Места вокруг города изобиловали озерами, поэтому ехали мы туда, куда Егор Иванович нацелился наловить чебачишек или окуней. Он гнал машину без остановок, молча и зло крутя баранку, и мы стискивали зубы на ухабах и глотали дорожную пыль тоже без звука. Мимо летели глухие кержацкие деревни с гигантскими тесаными воротами и ставнями, похожими на калитки, закрываемыми к вечеру на крепкие железные болты — бауты. Летели мимо запущенные, крытые тощей соломой по березовым жердям фермы, сложенные из высушенного кизяка с глиной, рядом в чернильно-черной жиже бродили злые тощие хряки или пугливые лобастые телята с тонкими спичечными ножками. Попадались нам и беленые, с железными вывесками и коваными дверями, каменные магазины — лабазы, — всегда видные издалека по грубой обтеске и оживленным фигурам людей возле них. Здесь Егор Иванович останавливался, доказывая, что нужно сменить воду у уставшей машины, и дядя Арсений молча курил, приоткрыв дверцу, а мы разминали затекшие ноги, стараясь недалеко отходить от запылившейся, тяжело дышавшей легковухи… Хотелось спать, глаза сами собой закрывались, а шея деревенела от тряски, но я крепился в присутствии двух таких непохожих мужчин, одного из которых я просто обожал, а другого — побаивался…

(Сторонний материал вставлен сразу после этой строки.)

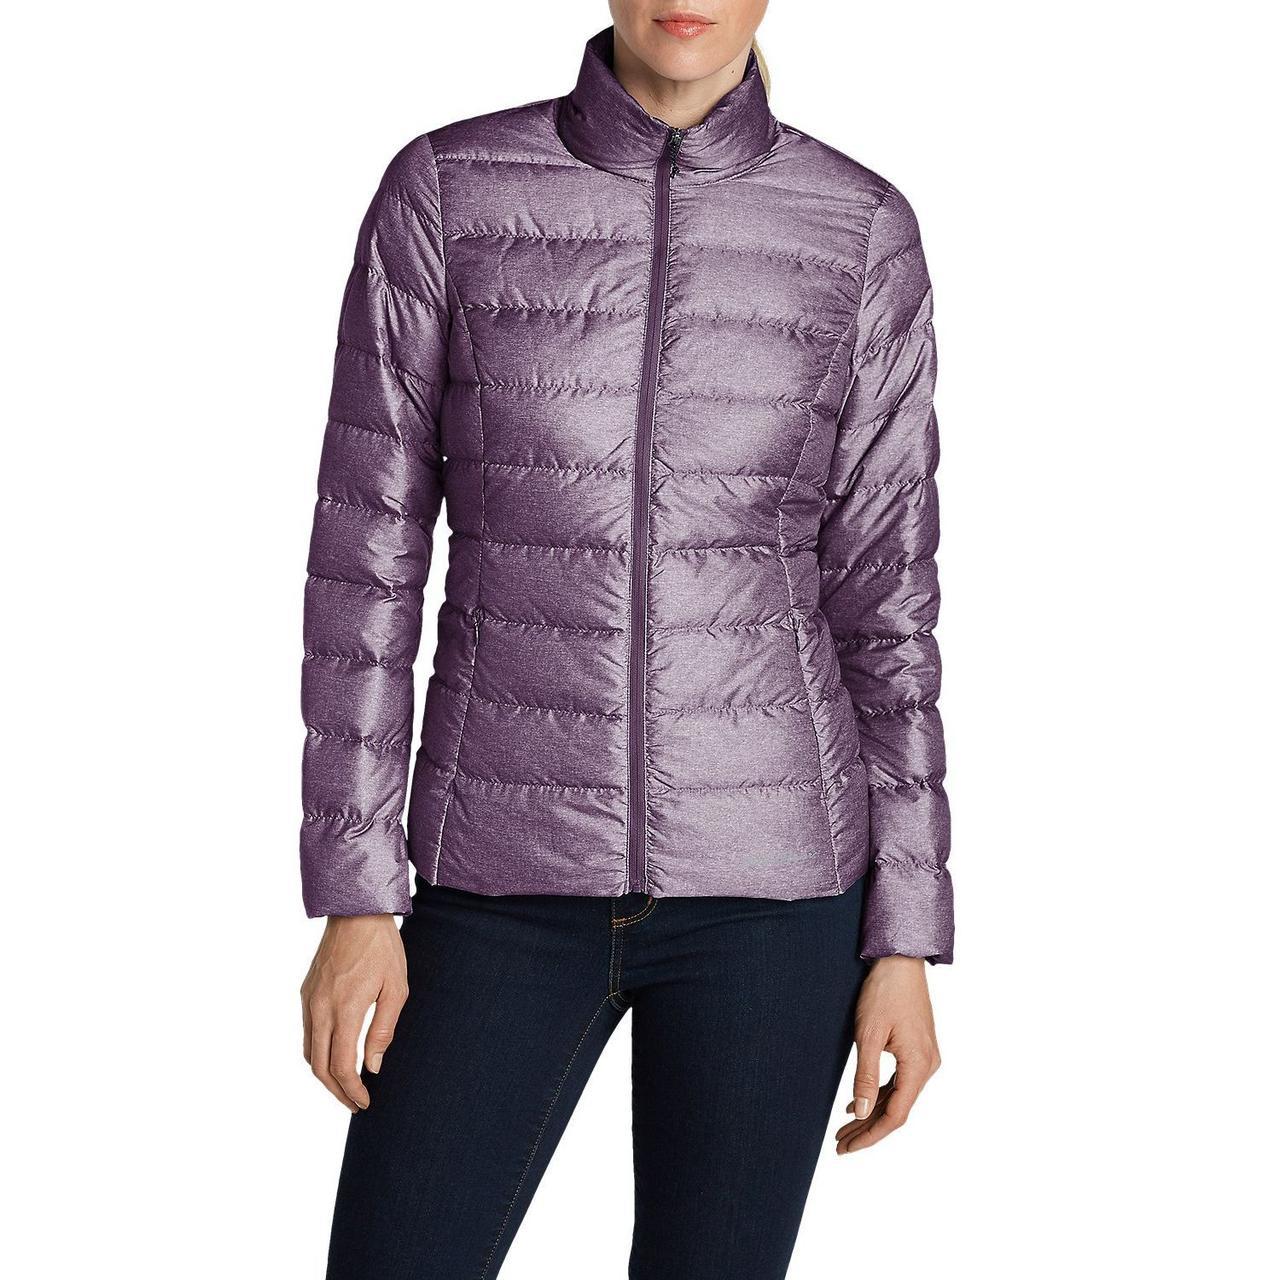 Куртка Eddie Bauer Women CirrusLite Down Jacket L Фиолетовый (0103DKPL)
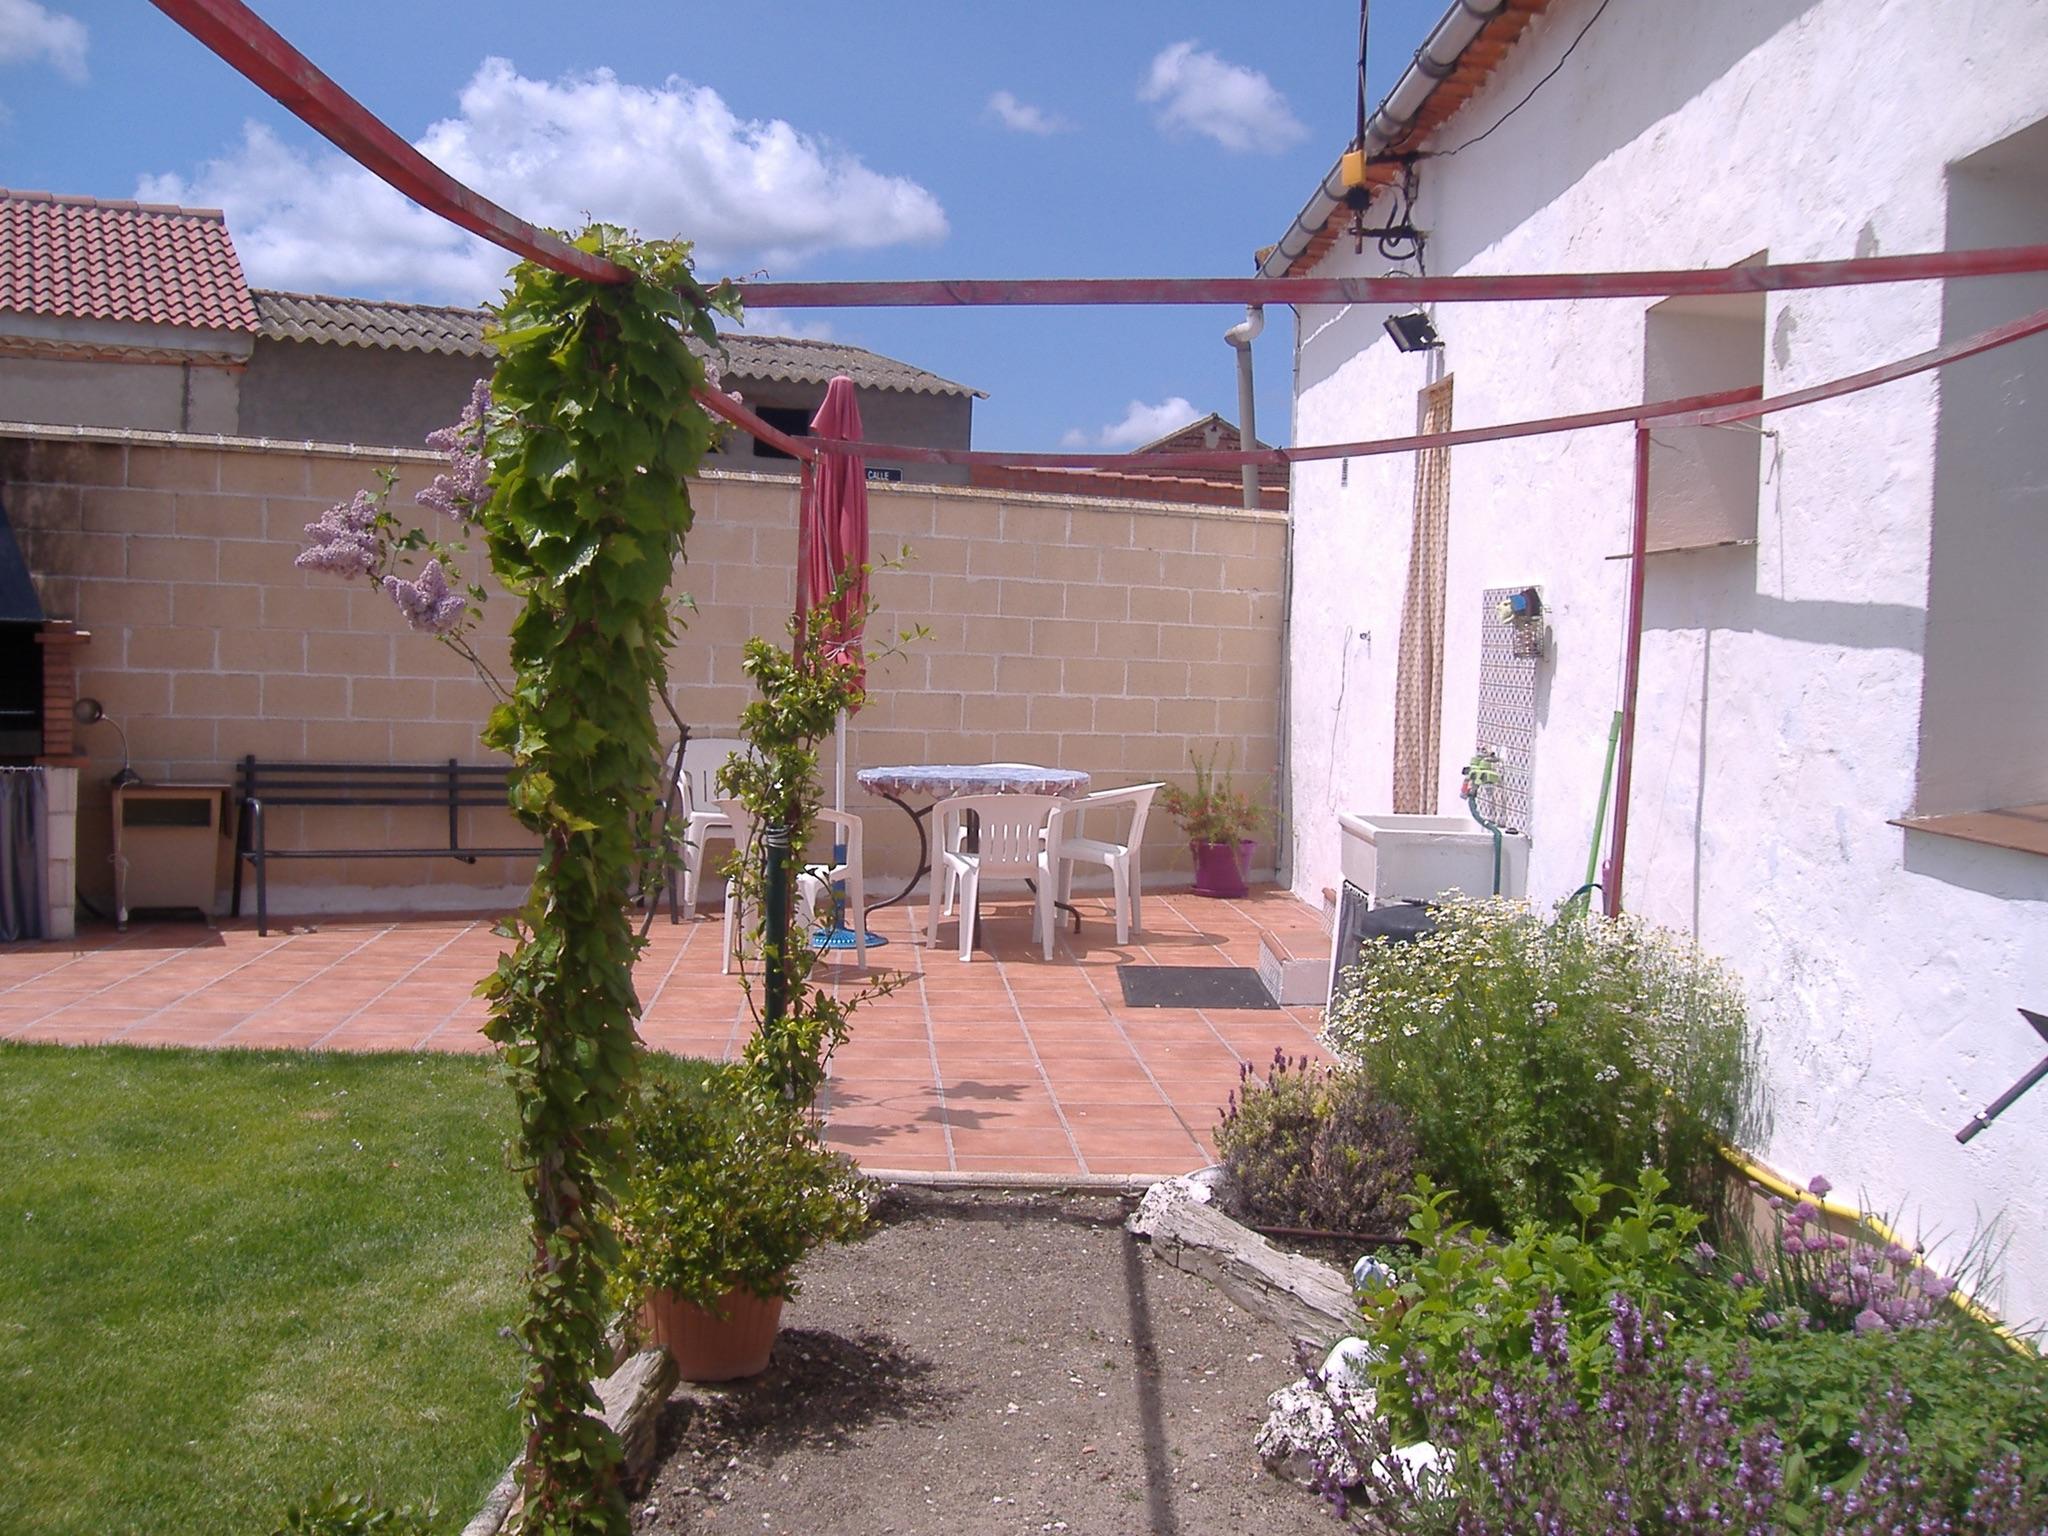 Ferienhaus Haus mit 2 Schlafzimmern in Chatún mit privatem Pool, eingezäuntem Garten und W-LAN (2201405), Chatun, Segovia, Kastilien-León, Spanien, Bild 3

Зато как описать наслаждение вечерних сумерек и потрескивающего, смолистого костра потом, на привале! Сколько их было в моем детстве — этих привалов и ночевок? Одна, две? Мы были горожанами, мы росли после войны и с первого класса стояли по утрам в очереди за серым хлебом, за молоком, за крупой. Лес и озеро были роскошью еще более сказочной, чем мед и запах копченой колбасы в комнате соседа. Поэтому, верно, я преувеличиваю, растягивая наслаждение в те минуты, когда Егор Иванович долго копается в машине, освещаемый отблесками костра, а я лежу в тепле, в бараньем полушубке дяди Арсения, и смотрю, как фуражка шофера закрывает луну — блестящую, как диски на колесах машины, а женщины в темноте раскладывают что-то на скатерти, путают и сердятся, а мужчины степенно ждут ужина и не торопят их, хотя уже поздно, а им вставать на заре, на поклевку. И я тоже — про себя причисляюсь к мужчинам и лежу, стараясь не заснуть, раздирая изо всех сил слипающиеся ресницы, а Егор Иванович все закрывает фуражкой луну, закрывает, и звон посуды уже почти не доносится до меня в густой шерсти полушубка…
VIIIЯ часто спрашиваю себя: целительно ли расти без отца? Расти, без боязни окрика, раздраженного подзатыльника, всецело владеть царством из четырех женщин, что ловят каждое твое желание, ласково гладят промытые волосы по вечерам, когда ты, чистый и переодетый во фланелевую пижамку, лежишь на прохладных простынях… Целительно ли сознавать себя центром маленького мироздания, ради которого томятся в шкафах раскрашенные и не раскрашенные книги, покупаются вырезные альбомчики, клеются новогодние игрушки и пахнет свежеспиленная лесная елка…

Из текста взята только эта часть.